In the US we have a process for completely reorganizing companies. That process is called Chapter 11 bankruptcy--in which creditors take control of a failing company and rebuild it under the auspices of a federal judge. Forestalling a Chapter 11 reorganization by propping up the current industry structure and its three insolvent companies would be a tragic disaster and an enormous missed opportunity for the nation. And if it occurs it will represent the worst kind of business as usual in Washington--where preserving a marriage of political convenience (in this case between the Democratic party and the UAW) trumps the nation's best interest.
Saving Chrysler, Ford, and GM is not the same thing as saving the banks. If the banking system fails the entire economy grinds to a halt and a recession becomes a depression. If the the auto companies are forced to operate under bankruptcy protection, sure jobs are lost, but the system survives more or less intact.
That doesn't mean the government would have no role to play in the bankruptcies of the big three. Each would of course be operating under federal court supervision. Most likely the US government would be a major provider of debtor in possession financing to the companies. Active involvement of the federal government in the bankruptcies of the big three would ensure that the US maintains the capacity to design and manufacture automobiles (a compelling state's interest), limit the collateral damage of job and benefits losses, and promote the crucial national security goal of curing the nation's addiction to oil.
Most importantly, the government must seize this moment to completely remodel the way the nation provides retirement and health care benefits to its citizens--call it America 2.0. Since the early 1950s the auto industry has represented the gold standard in employer-based health care and retirement benefits and for 25 years at the middle of the American century--when American industry and the US dollar ruled the world; when it was a labor not a service economy in which labor quality, not technology, was at the source of industrial productivity; when the median age of the nation was much younger and its citizens' lifespans much shorter. It was a system that worked fantastically well under those conditions providing car companies with huge profits and providing even non-college educated blue collar workers compensation enough to buy homes, raise healthy families, and retire with stability. But since the 1970s global economic conditions have shifted tectonically while our national system for providing for citizens has changed only incrementally.

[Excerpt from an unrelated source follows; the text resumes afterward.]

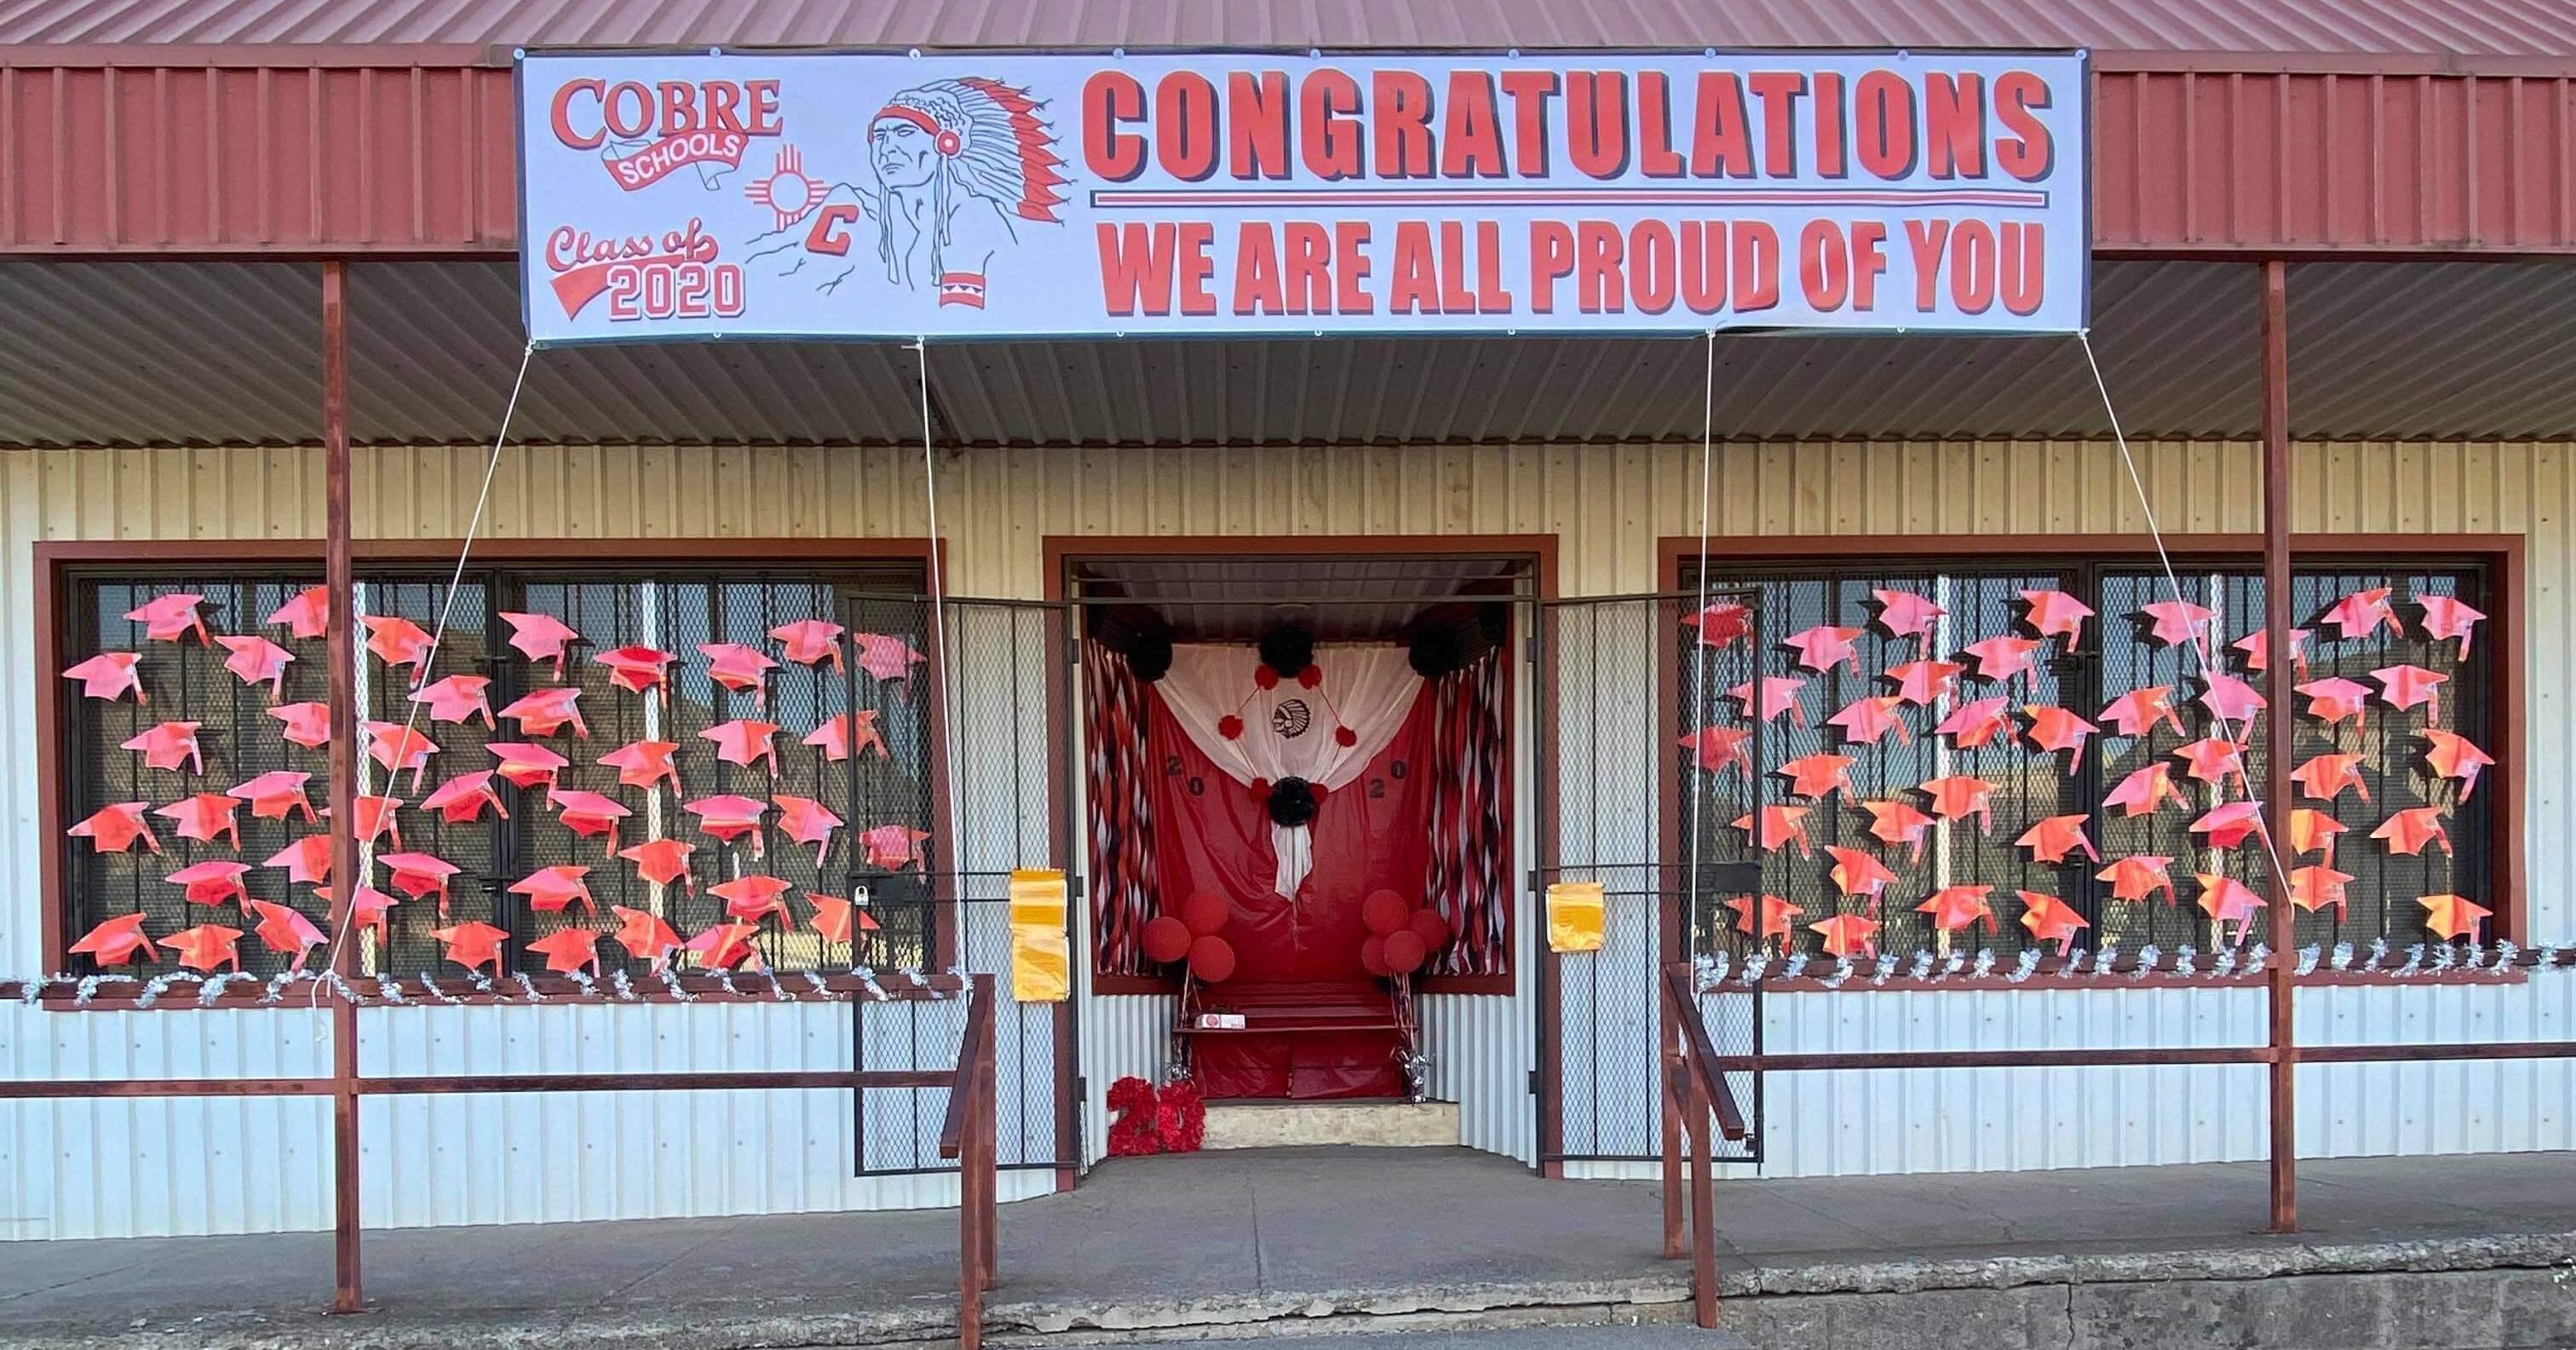 Anna Villalobos Graduation Storefront Photo Booth for Cobre High School Class of 2020

Our system of employer based benefits no longer works for anybody. It's created a retirement crisis and a two tiered health care system where the rich get phenomenal health care while the majority of the nation is stuck with second class care and where job growth is restrained by the swelling cost of benefits. A government bailout of the big three that preserves the current system, or worse one that federalizes benefits for car company employees without changing the structure for all American citizens and companies would be a tragic lost opportunity.
The looming failure of the US auto industry is the first test for the President-elect. So far Mr. Obama has shown precious little leadership on the matter. I understand the politics. If the government acts in the lame duck session, Obama can insulate himself from the political fallout that a true transformation would entail. But the season of politics is ended and the season of leadership begun.